The chain rule is the mathematical foundation of backpropagation in neural networks. It allows us to compute gradients through composed functions.

Single Variable

d/dx[f(g(x))] = f'(g(x))·g'(x)

Multivariable (Partial Derivatives)

∂z/∂x = (∂z/∂u)·(∂u/∂x) + (∂z/∂v)·(∂v/∂x)

Neural Networks Example

Loss = L(ŷ, y) where ŷ = f(Wx + b)
∂L/∂W = (∂L/∂ŷ)·(∂ŷ/∂W) ← This is backpropagation!

5. Partial Derivatives

For functions with multiple variables, partial derivatives measure the rate of change with respect to one variable while keeping others constant.

∂f/∂x: Derivative with respect to x (treat y, z, ... as constants)
∂f/∂y: Derivative with respect to y (treat x, z, ... as constants)

Example

Given: f(x, y) = x²y + 3xy² - 5
Solution:
∂f/∂x = 2xy + 3y²
∂f/∂y = x² + 6xy

6. Gradient

⚡ CORE OF MACHINE LEARNING

The gradient is a vector containing all partial derivatives. It points in the direction of steepest ascent and is used in gradient descent optimization.

Definition

∇f = [∂f/∂x₁, ∂f/∂x₂, ..., ∂f/∂xₙ]

Example

Given: f(x, y) = x² + y²
Gradient: ∇f = [2x, 2y]
← Points in direction of steepest ascent

Gradient Descent (How ML Models Learn)

θ_new = θ_old - α·∇L(θ)

where α = learning rate, L = loss function

7. Common Derivatives for ML/DL

Activation Functions

FunctionDerivative
Sigmoid: σ(x) = 1/(1+e^-x)σ(x)·(1-σ(x))
Tanh: tanh(x)1 - tanh²(x)
ReLU: max(0, x)0 if x<0, 1 if x>0
Leaky ReLUα if x<0, 1 if x>0

Loss Functions

LossDerivative
MSE: (ŷ-y)²2(ŷ-y)
Cross-Entropy: -y·log(ŷ)-y/ŷ

8. Taylor Series

Taylor series approximates any smooth function as an infinite sum of polynomials.
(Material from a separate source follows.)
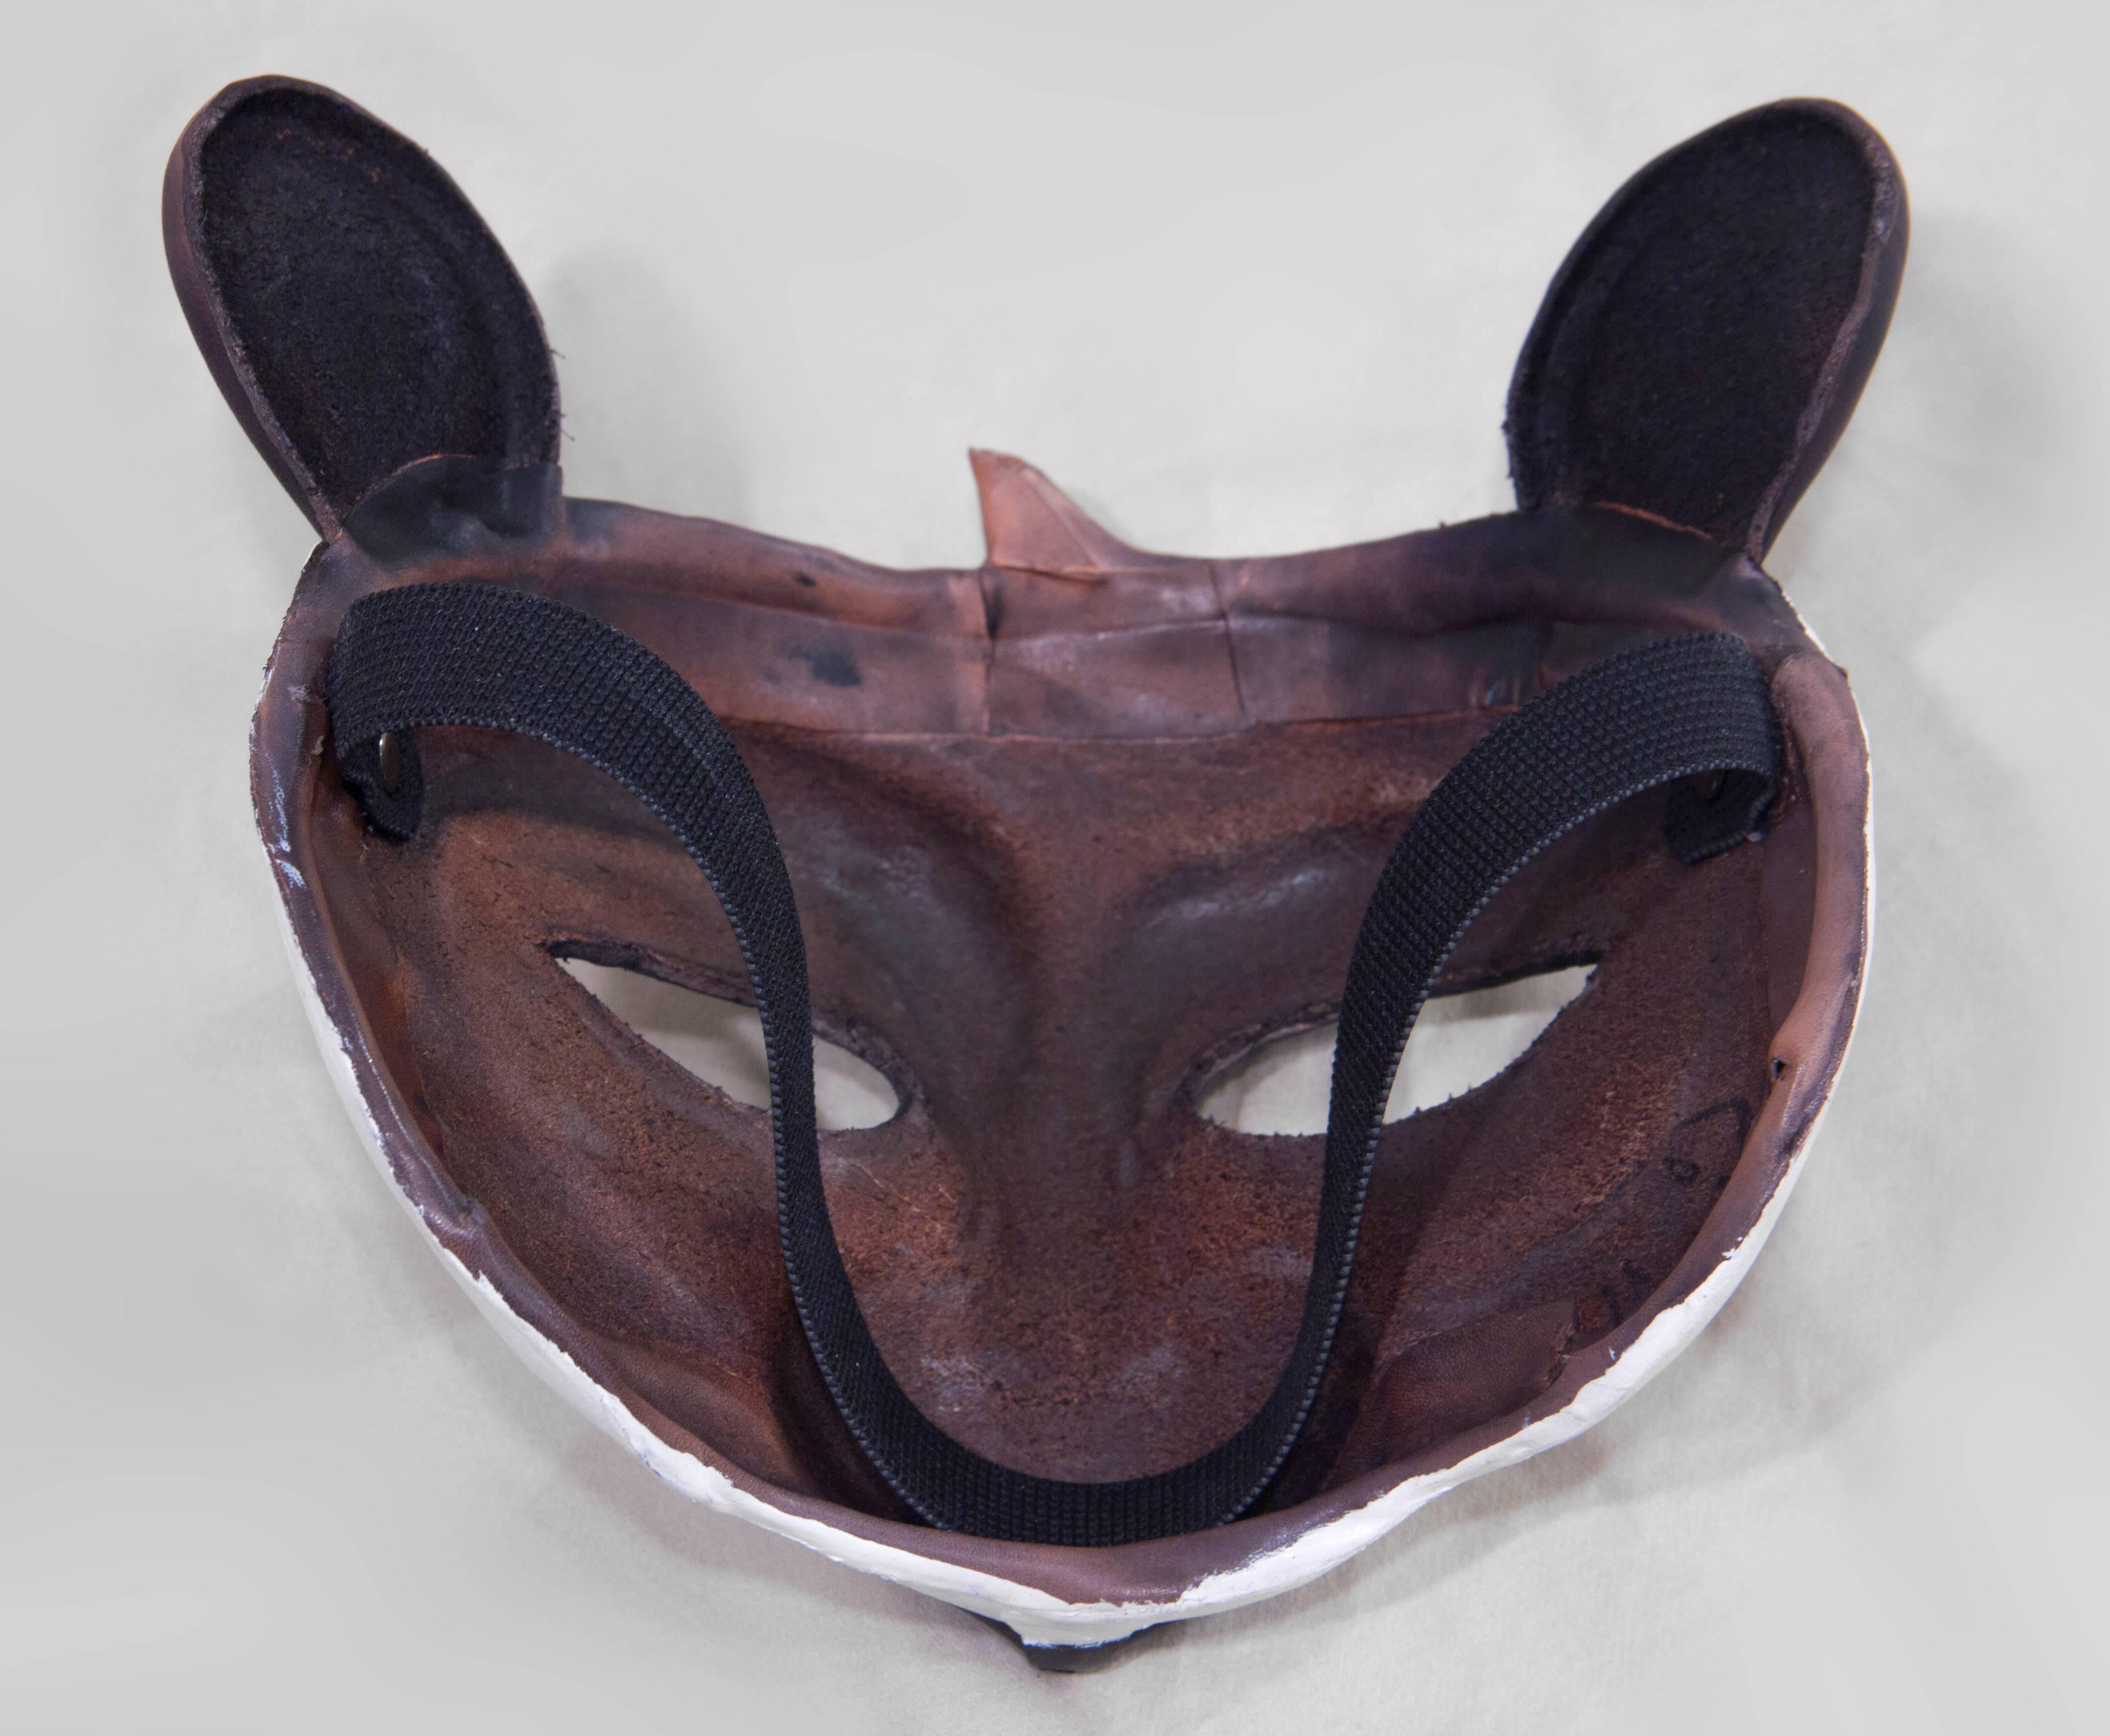 Leather Panda Mask (Handgefertigt)
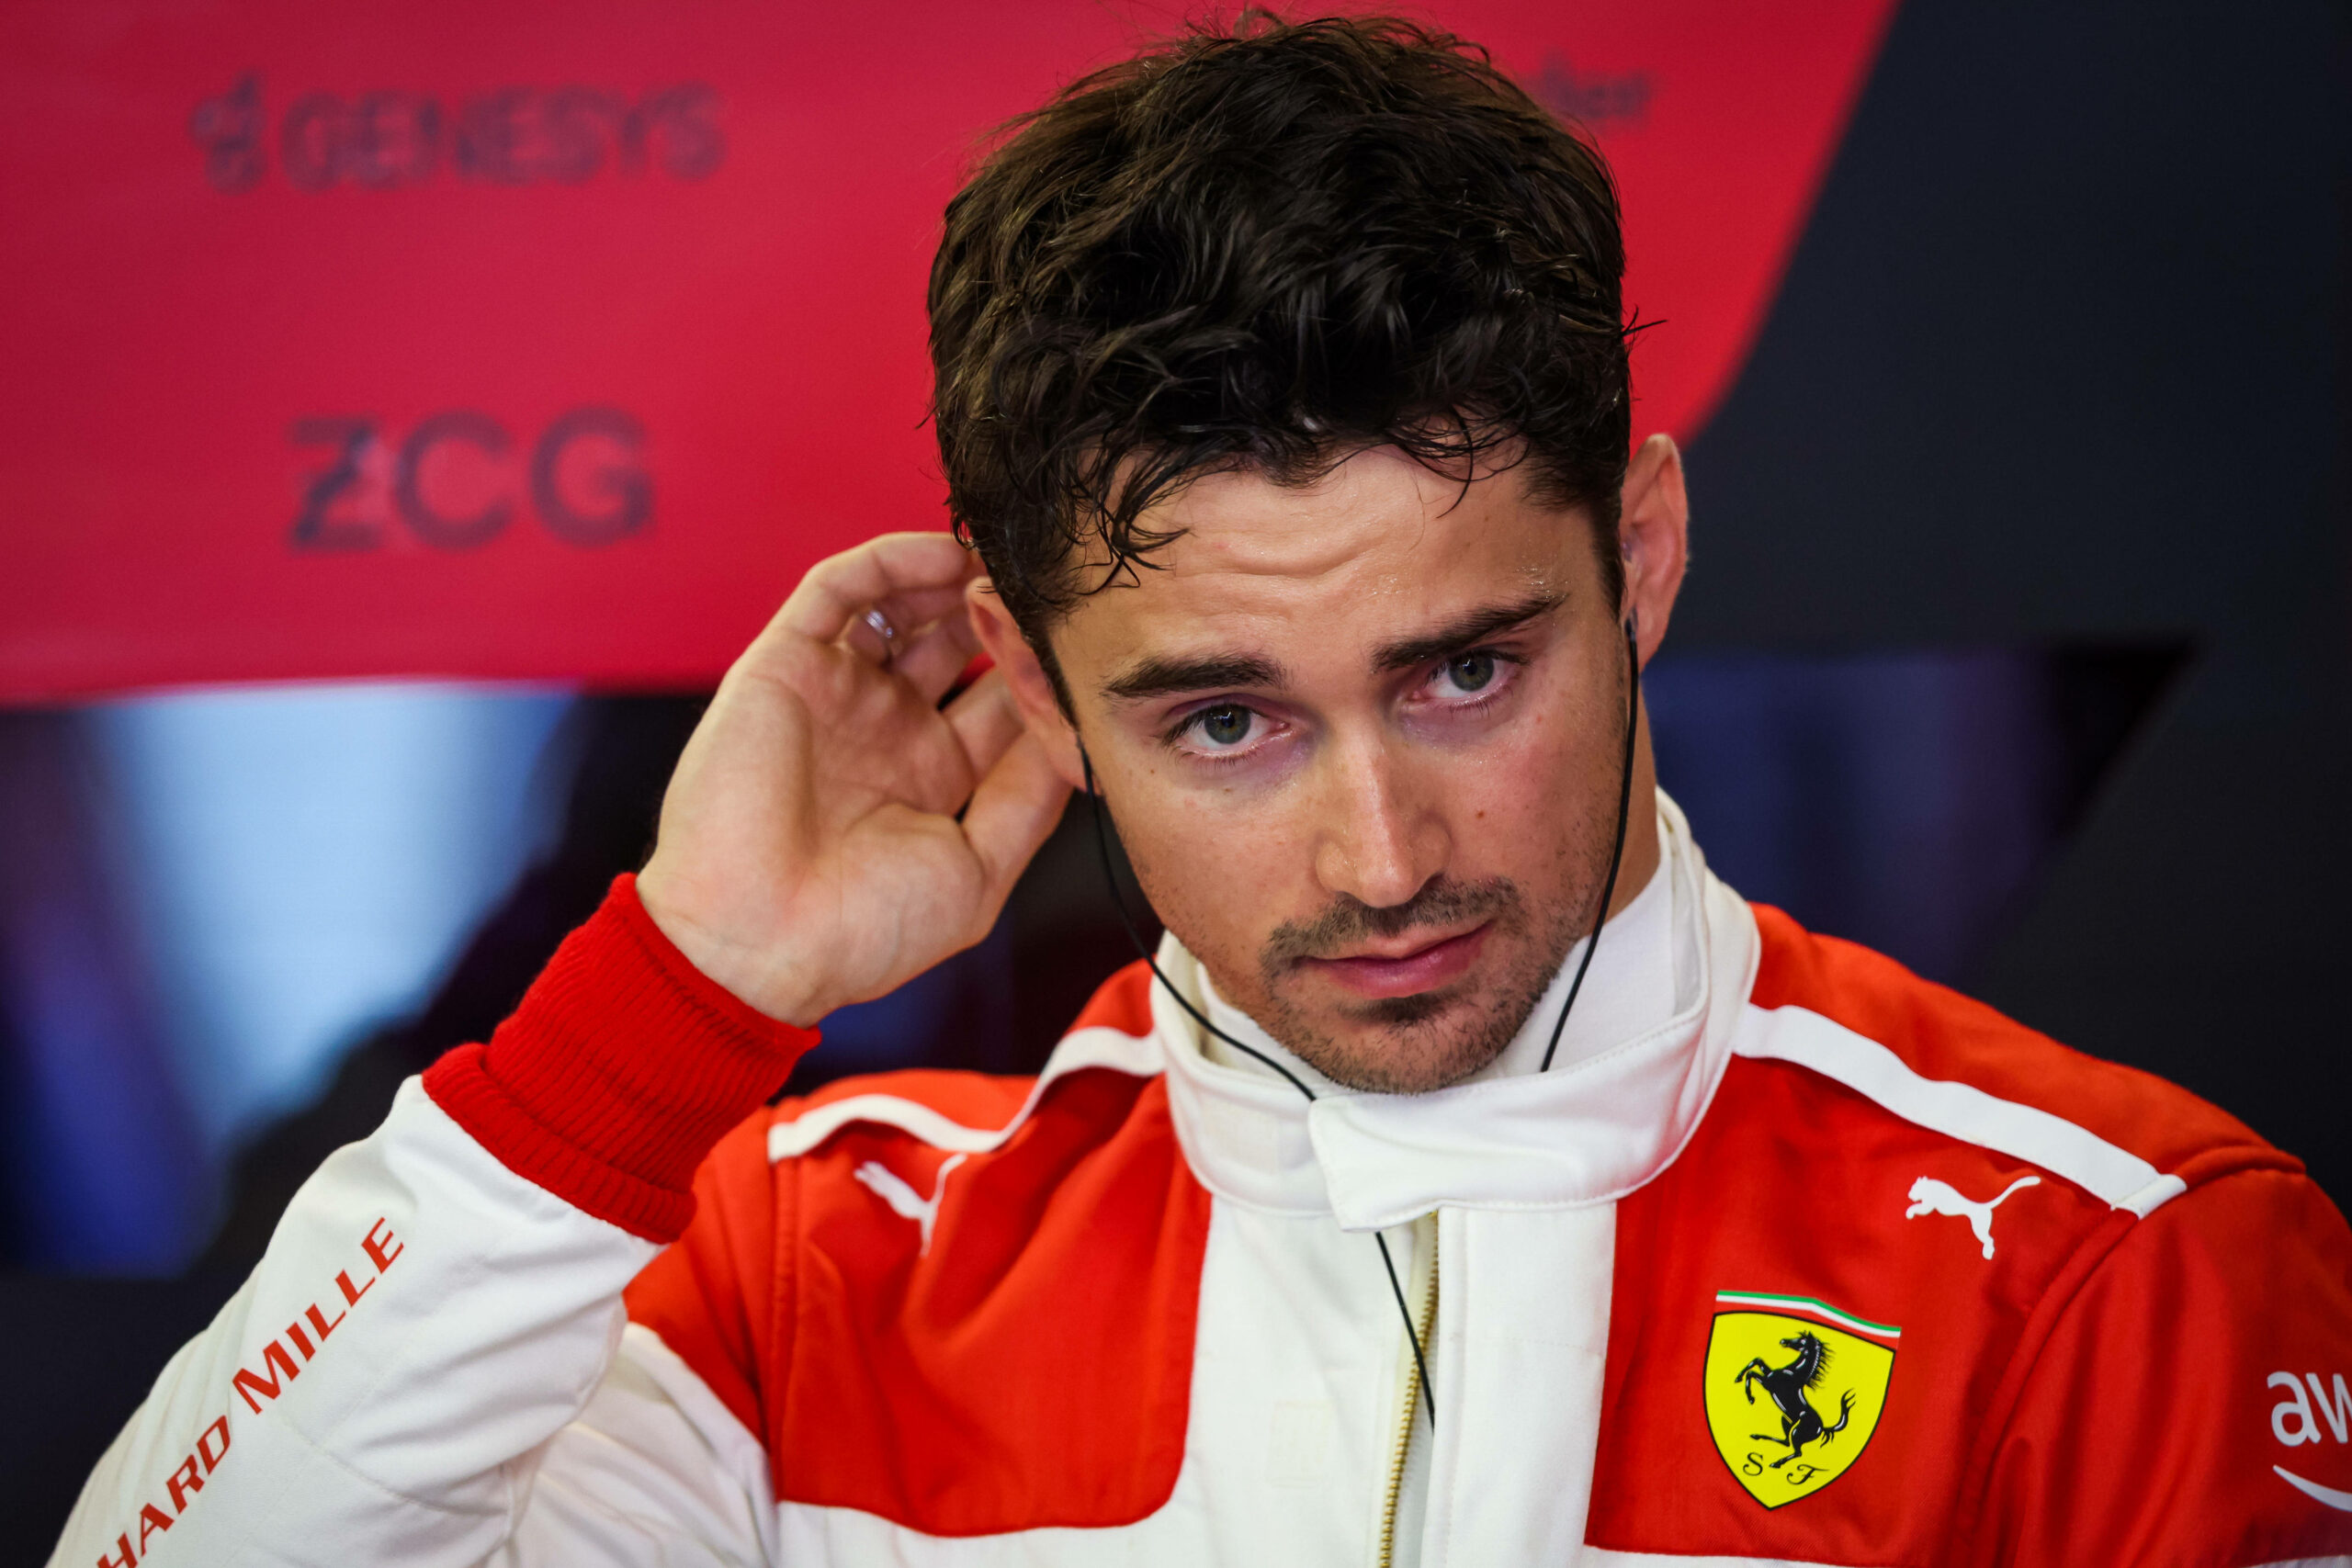 Charles Leclerc im Rennanzug von Ferrari

Used in numerical methods and approximations.

f(x) = f(a) + f'(a)(x-a) + f''(a)(x-a)²/2! + f'''(a)(x-a)³/3! + ...

Common Series (around x=0)

e^x = 1 + x + x²/2! + x³/3! + x⁴/4! + ...
sin(x) = x - x³/3! + x⁵/5! - x⁷/7! + ...
cos(x) = 1 - x²/2! + x⁴/4! - x⁶/6! + ...
ln(1+x) = x - x²/2 + x³/3 - x⁴/4 + ... (for |x| < 1)

9. Integration Tricks

U-Substitution

Problem: ∫ 2x·cos(x²) dx
Let u = x², du = 2x dx
= ∫ cos(u) du
= sin(u) + C
= sin(x²) + C

Integration by Parts (ILATE)

Order: Inverse, Log, Algebraic, Trig, Exponential

Problem: ∫ x·ln(x) dx
u = ln(x), dv = x dx
du = 1/x dx, v = x²/2
= (x²/2)·ln(x) - ∫ x²/2·1/x dx
= (x²/2)·ln(x) - x²/4 + C

10. Definite Integrals

Fundamental Theorem of Calculus

∫ₐᵇ f(x) dx = F(b) - F(a) where F'(x) = f(x)

Properties

∫ₐᵇ f(x) dx = -∫ᵇₐ f(x) dx
∫ₐᵇ [f(x) + g(x)] dx = ∫ₐᵇ f(x) dx + ∫ₐᵇ g(x) dx
∫ₐᵇ c·f(x) dx = c·∫ₐᵇ f(x) dx

11. Multivariable Calculus

Gradient

∇f = [∂f/∂x, ∂f/∂y, ∂f/∂z]

Direction of steepest ascent

Directional Derivative

D_u f = ∇f · u

Rate of change in direction u

Hessian Matrix

H = [∂²f/∂x² ∂²f/∂x∂y]
[∂²f/∂y∂x ∂²f/∂y²]

Second derivatives

12. Quick Reference for Neural Networks

Backpropagation Chain Rule

∂L/∂w = ∂L/∂ŷ · ∂ŷ/∂z · ∂z/∂w

Gradient of Common Operations

Matrix Multiplication: y = Wx

∂y/∂W = x^T
∂y/∂x = W^T

Element-wise: y = x ⊙ w

∂y/∂x = w
∂y/∂w = x

Quick Tips for Exams

✓ Always check for 0/0, ∞/∞ → Use L'Hôpital's Rule
✓ Integration: Try u-substitution first
✓ Product of functions: Use Product Rule or Integration by Parts
✓ Chain functions: Always use Chain Rule
✓ Don't forget +C in indefinite integrals
✓ Check your limits in definite integrals

Practice Problems

1. d/dx[x³·e^(2x)] = ?
2. ∫ x·cos(x) dx = ?
3. lim(x→0) (e^x - 1)/x = ?
4. ∇(x²y + y²z) = ?
Show Answers
1. 3x²·e^(2x) + x³·2e^(2x) = e^(2x)(3x² + 2x³)
2. x·sin(x) + cos(x) + C
3. 1 [Use L'Hôpital's Rule]
4. [2xy, x² + 2yz, y²]

Pro Tips

For ML/DL

Focus on Chain Rule, Partial Derivatives, and Gradient - they're the foundation of backpropagation.

For Exams

Memorize basic derivatives and integrals tables. Practice identifying which rule to use.

Practice

Do problems daily - calculus needs muscle memory. Start simple, then increase complexity.